Sri Lankans will not be that threatening | Sunday Observer

Sri Lankans will not be that threatening

From the looks of it, the Sri Lankan cricket selectors have played their best stroke by picking the best squad possible. However it’s evident on form that the chances of repeating the 1995/96 success are bleak.

Local cricket fans are die hard enthusiasts. But they are realistic too. Facts are stubborn and denial only makes the fans cynical. Lining up our players against the best that other formidable countries offer, it will be seen that none of our players could be bracketed with them and their excellence.

Nonetheless cricket is replete with glorious uncertainties. It may serve us well if we go out as underdogs, as with no tensions bugging the players. They will approach the game with a positive feeling that we have nothing more to lose but play the game as best as we could; front up and treat the opponents on equal terms. This will help to show that we are made of sterner stuff.

Every member of the tour party – from the cricketers to the support staff have been provided with everything and much more and it is now left to the eleven players taking the field to deliver.

In cricket, captaincy, batting, bowling and fielding are all important factors and none could be taken lightly. A 100 per cent and more is required from every cricketing warrior.

Former champion left arm medium pacer Chaminda Vaas opines that slinger Lasith Malinga’s form and leadership qualities will play a decisive role for Sri Lanka in the World Cup.

Vaas speaking to the ICC has further said: “For the last few months, Sri Lanka hasn’t done so well. But if you analyse the combination of the team which we picked for the World Cup, I’m pretty sure that the selectors have done the right thing.

‘We have to take it from there and it is up to the players to get themselves in and play well for the country. There is no doubt that Malinga is one of the best in the world and the best in Sri Lanka.

We depend on him as a bowler and he showed his leadership qualities. He has given 100 per cent for the team. We have seen him playing in Mumbai (IPL) one day and playing in Sri Lanka – in a domestic tournament - the next day.

It shows the commitment he has and the commitment he has to the team and the country. He will be the key for Sri Lanka cricket in the upcoming World Cup.’

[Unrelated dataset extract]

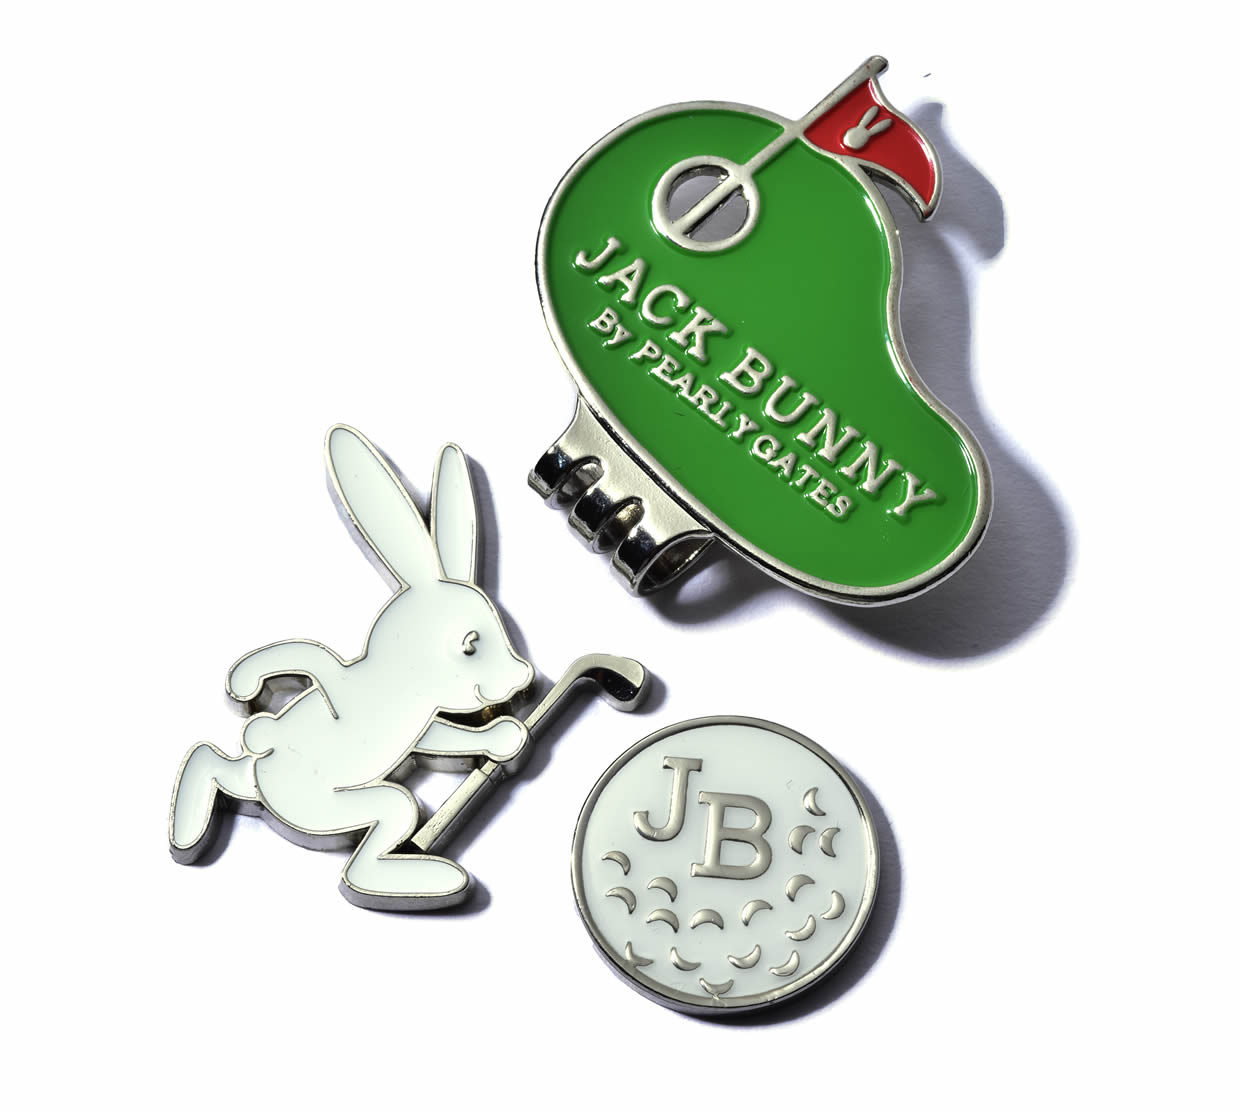 品質一番の Jack Bunny by PEARLY GATES ジャックバニー Winkラビット JBボール クリップマーカー  262-3184220 23A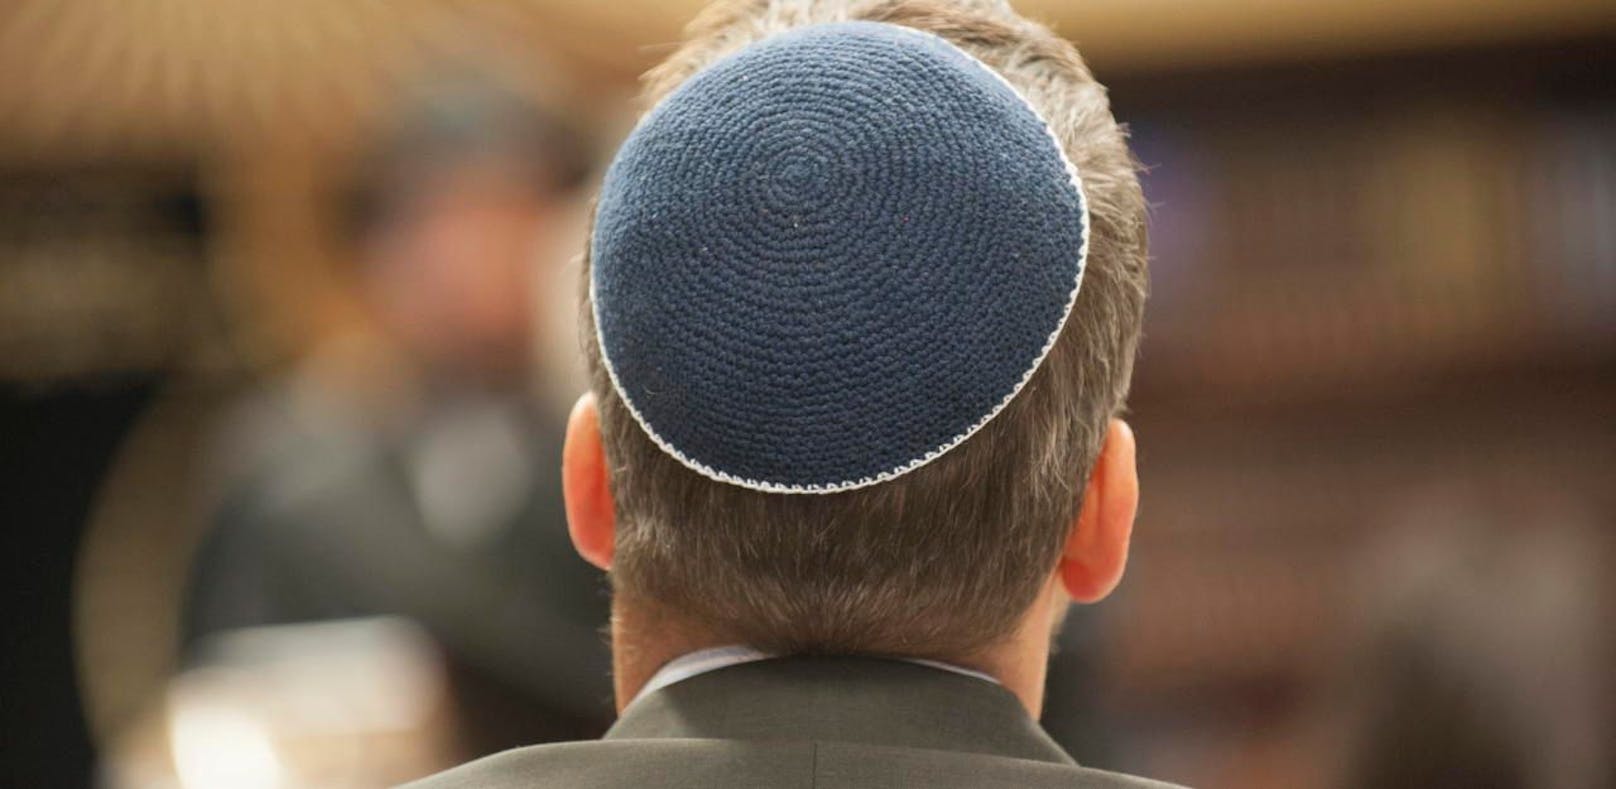 Immer wieder werden Juden, die öffentlich die Kippa tragen, Ziel von antisemitischen Übergriffen.

While we can’t expect Malinga to be a one man hit squad, he is an inspiring cricketer and will helpfully motivate, by example, every member of the team to perform at their best and exhibit team play.

To start with a close scrutiny of the batters, it will be noticed that other than for Angelo Mathews and Kusal Mendis the other batsmen don’t seem to have the ruthless strokes and temperament that a game of this style requires.

Our other batters have the technique and temperament for the longer duration of the game. This game requires batters who could score the maximum runs off each ball. Most of them are pushes.

They lack the muscular shots that are essential. Except for an occasional six, they don’t have the strength of others on show, especially like the Windies power hitters to keep clearing the boundary boards and hoardings.

All rounder Thisara Perera is the only batsman capable of punishing any attack and hitting the boundary boards and going over it, but the hope is that he will show consistency.

It is heartening to note the recalling of leg spinning all rounder Jeevan Mendis. Mendis need not be told what role he has to play. If he plays with responsibility he will be more than an asset to captain Dimuth Karunaratne and the team.

The other batsmen who play must see that no dot balls are allowed in the scorecard. To do so would be a crime. Runs in whatever way, be it the weird of strokes must be made because runs are what matters.

When running between wickets batsmen must understand each other’s ability and not run blindly and get out run out. To be dismissed run out will be a great calamity and should be avoided at all costs.

Playing the ugly strokes that should have no place in respected Test cricket – Dil Scoop and the Reverse or switch hit are permissible in the cowboy game. But here again the risks of being dismissed are great because nine times out of ten the ball tends to lob to the fielder placed at short square leg. So batsmen should take a close look at field placings and exercise care before executing.